Copyright © 2012 Lei La et al. This is an open access article distributed under the Creative Commons Attribution License, which permits unrestricted use, distribution, and reproduction in any medium, provided the original work is properly cited.
Abstract
AdaBoost is an excellent committee-based tool for classification. However, its effectiveness and efficiency in multiclass categorization face the challenges from methods based on support vector machine (SVM), neural networks (NN), naïve Bayes, and k-nearest neighbor (kNN). This paper uses a novel multi-class AdaBoost algorithm to avoid reducing the multi-class classification problem to multiple two-class classification problems. This novel method is more effective. In addition, it keeps the accuracy advantage of existing AdaBoost.

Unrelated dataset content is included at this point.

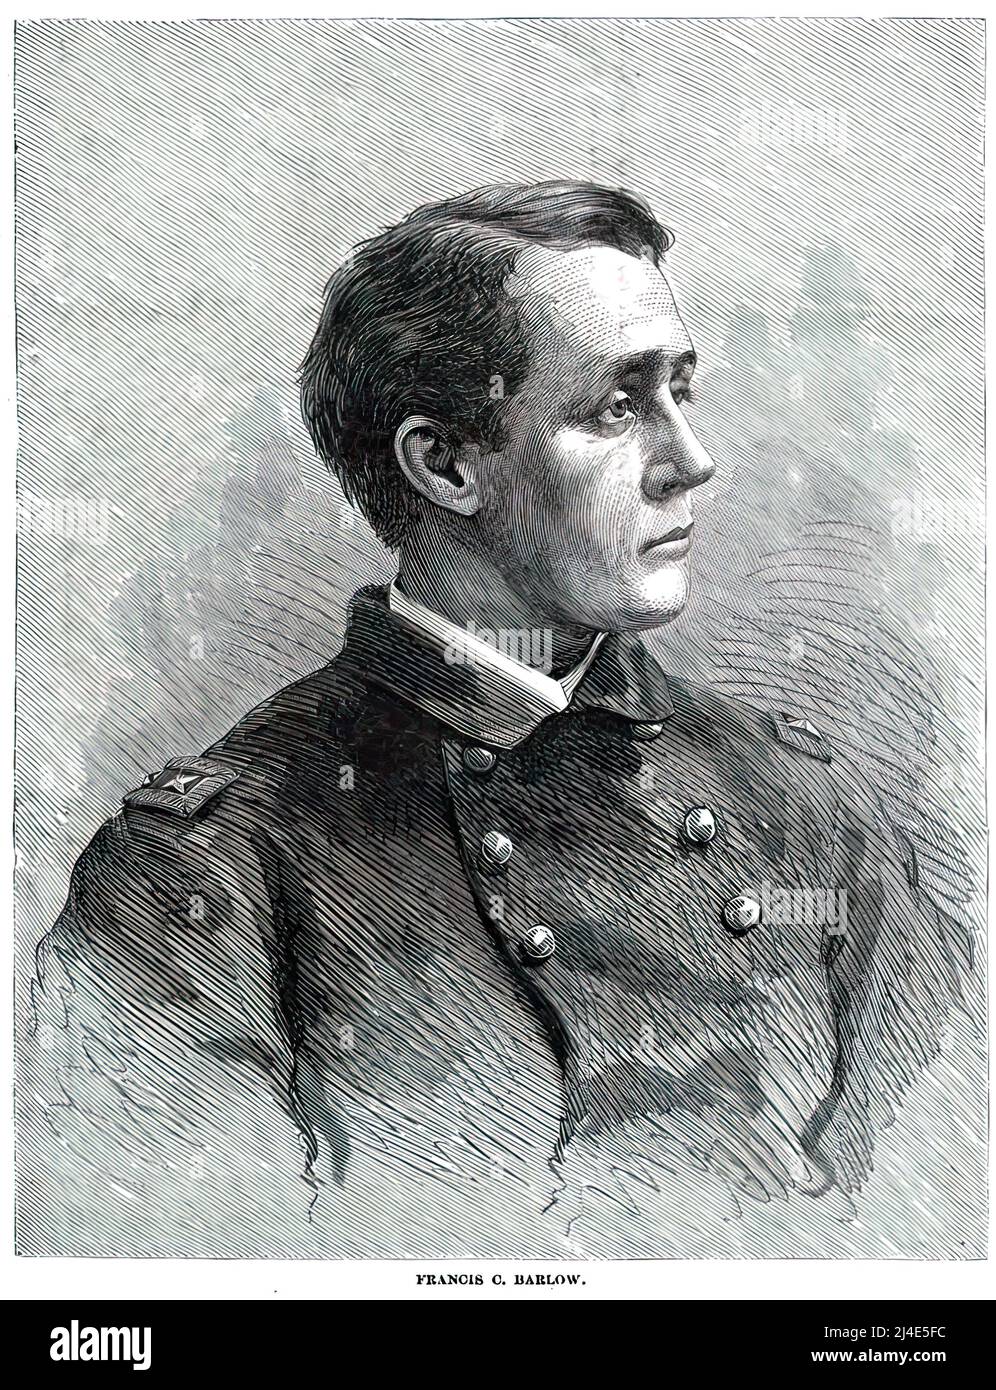 Francis Channing Barlow, lawyer, politician and Union Army General in the American Civil War. 19th century illustration. Stock Photo
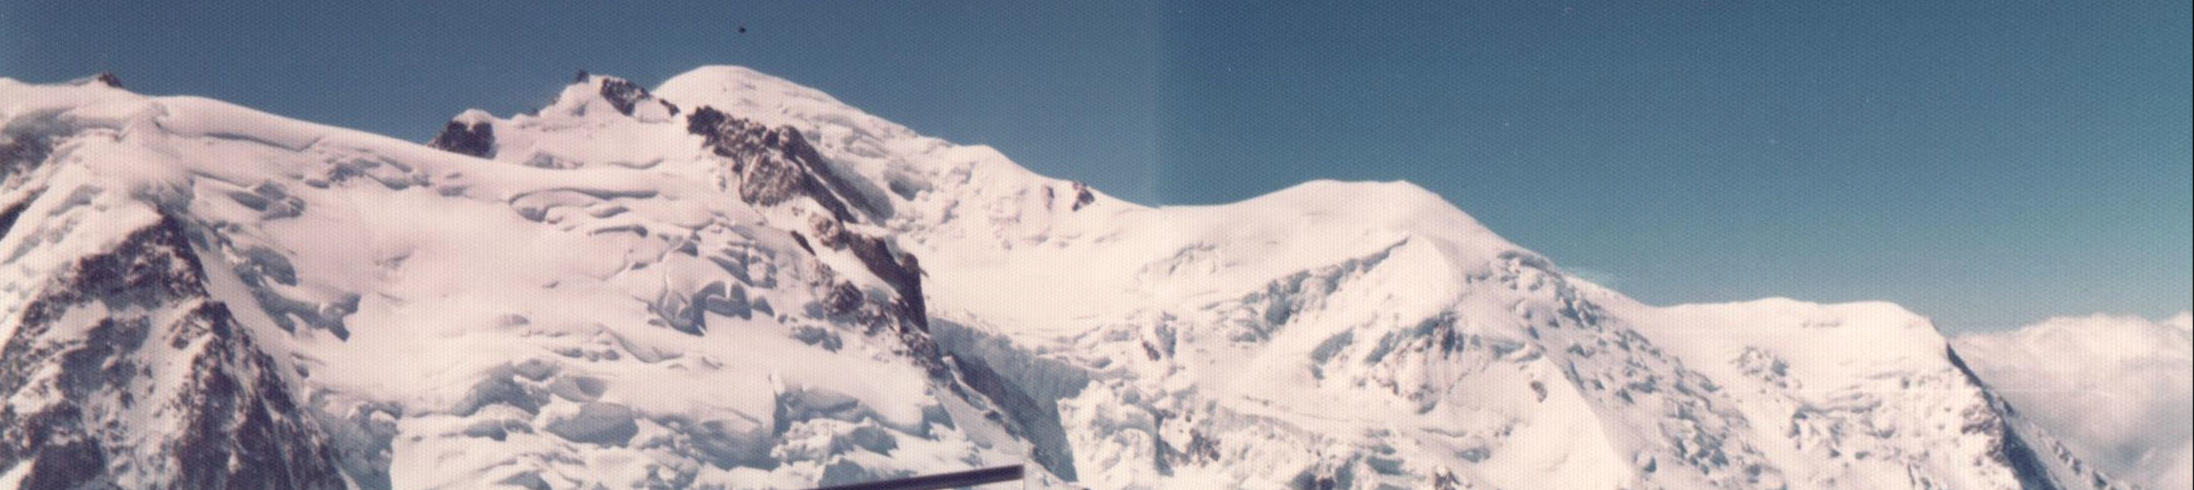 Mont Blanc from the Aiguille du Midi

An adaptive group-based kNN method is proposed in this paper to build more accurate weak classifiers and in this way control the number of basis classifiers in an acceptable range. To further enhance the performance, weak classifiers are combined into a strong classifier through a double iterative weighted way and construct an adaptive group-based kNN boosting algorithm (AGkNN-AdaBoost). We implement AGkNN-AdaBoost in a Chinese text categorization system. Experimental results showed that the classification algorithm proposed in this paper has better performance both in precision and recall than many other text categorization methods including traditional AdaBoost. In addition, the processing speed is significantly enhanced than original AdaBoost and many other classic categorization algorithms.